ECLI:NL:CRVB:2019:1763
Centrale Raad van Beroep
- Hoger beroep
- Rechtspraak.nl
Hoger beroep inzake WIA-uitkering en medische beoordeling van arbeidsongeschiktheid
In deze zaak heeft de Centrale Raad van Beroep op 29 mei 2019 uitspraak gedaan in hoger beroep tegen een beslissing van de rechtbank Amsterdam. De zaak betreft de weigering van een WIA-uitkering aan betrokkene, die zich op 3 februari 2014 ziek meldde. Het Uwv had op basis van een medisch onderzoek vastgesteld dat betrokkene minder dan 35% arbeidsongeschikt was, wat leidde tot de weigering van de uitkering. Betrokkene had bezwaar gemaakt tegen deze beslissing, maar het bezwaar werd ongegrond verklaard. De rechtbank oordeelde dat de medische grondslag van het bestreden besluit onvoldoende was onderbouwd, met name met betrekking tot de klacht van betrokkene over regelmatig flauwvallen.

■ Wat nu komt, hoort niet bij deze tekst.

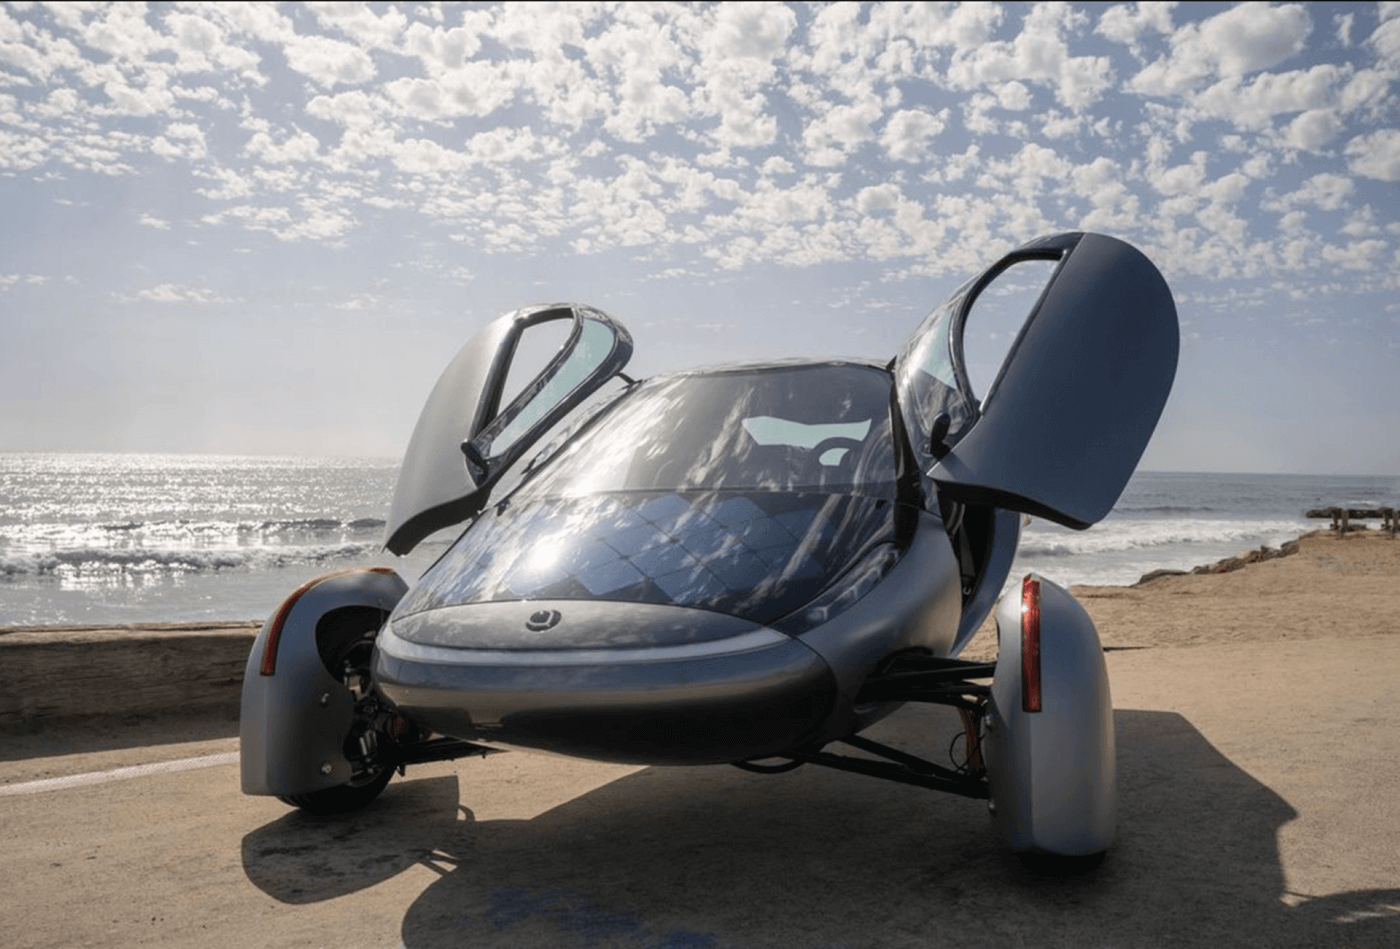 Solar Cars,
How to talk about climate change

In hoger beroep heeft de Centrale Raad van Beroep het oordeel van de rechtbank herzien. De Raad oordeelde dat de medische beoordeling door het Uwv zorgvuldig was uitgevoerd en dat er geen aanleiding was voor verdergaande beperkingen voor betrokkene. De Raad volgde het standpunt van het Uwv dat de enkele vermelding van flauwvallen door de psycholoog niet voldoende was om de eerder vastgestelde beperkingen te herzien. Het incidenteel hoger beroep van betrokkene, waarin zij betoogde dat de geselecteerde functies niet passend waren, werd eveneens verworpen. De Raad concludeerde dat de aangevallen uitspraak van de rechtbank moest worden vernietigd en verklaarde het beroep ongegrond.